Brinkley loves reading, playing volleyball, and spending time with family and friends. Brinkley was diagnosed with Acute Lymphoblastic Leukemia (ALL) in August 2016 at the age of 12. She immediately began treatment at Children’s Hospital. Brinkley and her family look forward to its completion potentially in early 2019. Brinkley has spent many days and nights inpatient at Children’s due to both scheduled treatments and also infections. Her family is thankful for excellent care by the best nurses, doctors, and so many others at Children’s.

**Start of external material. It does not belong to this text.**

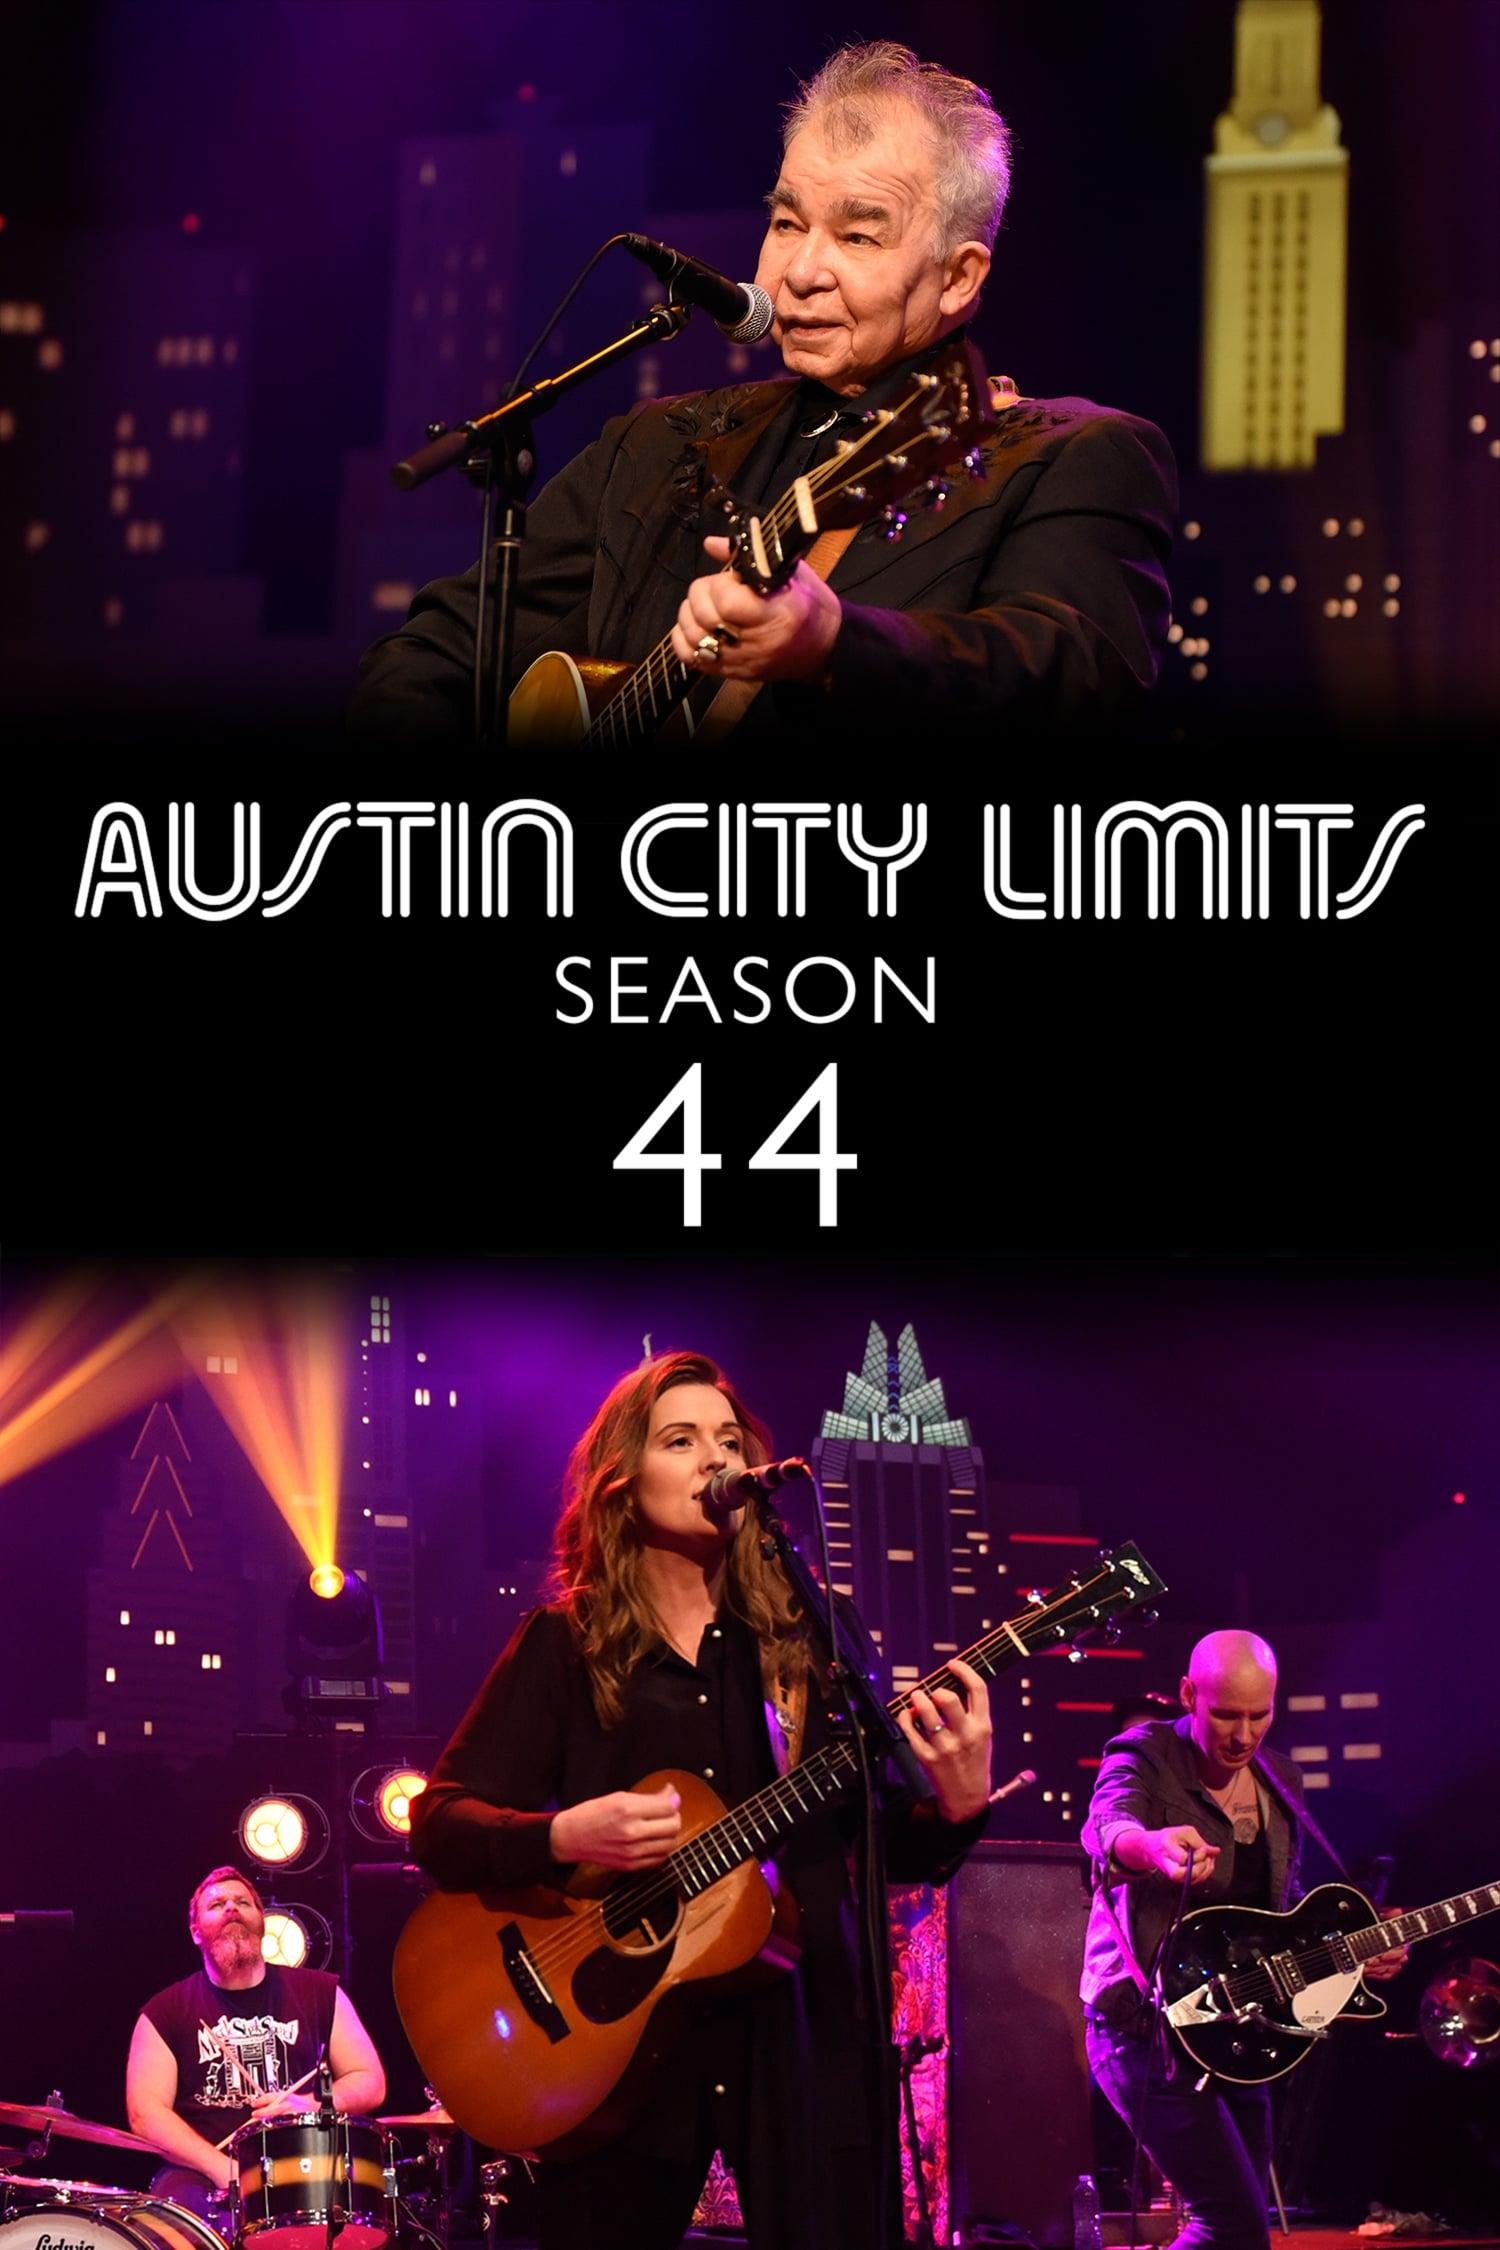 Austin City Limits Season 44

Brinkley has navigated this diagnosis with a very positive and determined spirit and feels blessed to have met so many kind and encouraging people along the way. She also enjoyed being back at school for her 8th grader year after missing 7th grade and spending time around her friends. Brinkley had a blast at Pedal the Cause in 2017; she loved the food and is determined to finish the 10 miles this year!
Bryor loves playing outside and going swimming. He is a huge fan of the Cardinals. What the family thought was going to be an uneventful new year turned out to be completely different; Bryor was diagnosed with leukemia on January 1, 2016. Bryor’s heart rate was beating so fast and his belly was hard as a rock. His parents rushed him to their little hospital to find out what was going on. The doctor finally came in after having labs drawn and an x-ray to find out what no parent ever wants to hear, “Your child has cancer. I believe it is leukemia. I would like to transfer you for further testing.” In that moment Bryor’s parents felt their hearts crumble. Bryor’s mom remembers calling her mom, saying she couldn’t handle all of this, that she was a child herself. Her mom told her to take a deep breath and listen to her heart – that she knew what was best for her son. Once the family was transferred to Children’s E.R. they met with multiple doctors. Bryor’s white blood cell was so high that it would not register on the machine; it took three times for them to run it before they could get a reading. He had to be in PICU for a few days until he was stable. Bryor had to have two blood transfusions and a platelet transfusion. Once he was stable enough, they moved Bryor and his family to the 9th floor, where they met their second family.
Bryor and his family have definitely been on one crazy roller coaster – from spending 28 days in the NICU when he was born to spending 43 days in Children’s hospital when he was first diagnosed. One thing is for sure, they have had some wonderful nurses who have made the ride a little less bumpy. Bryor and his family love being a part of Pedal the Cause to give back to the nurses and doctors who have helped them through their journey. They have shown Bryor and his family nothing but love and support; they help in every way they can. Bryor and his family spent the first 9 months of treatment basically living at the hospital, and it has become what Bryor calls his second home/nurses’ house. He feels so comfortable with them; they are truly like his second family.
Colin loves hockey, golf, and computer/Xbox Games. He is a huge fan of the St. Louis Blues.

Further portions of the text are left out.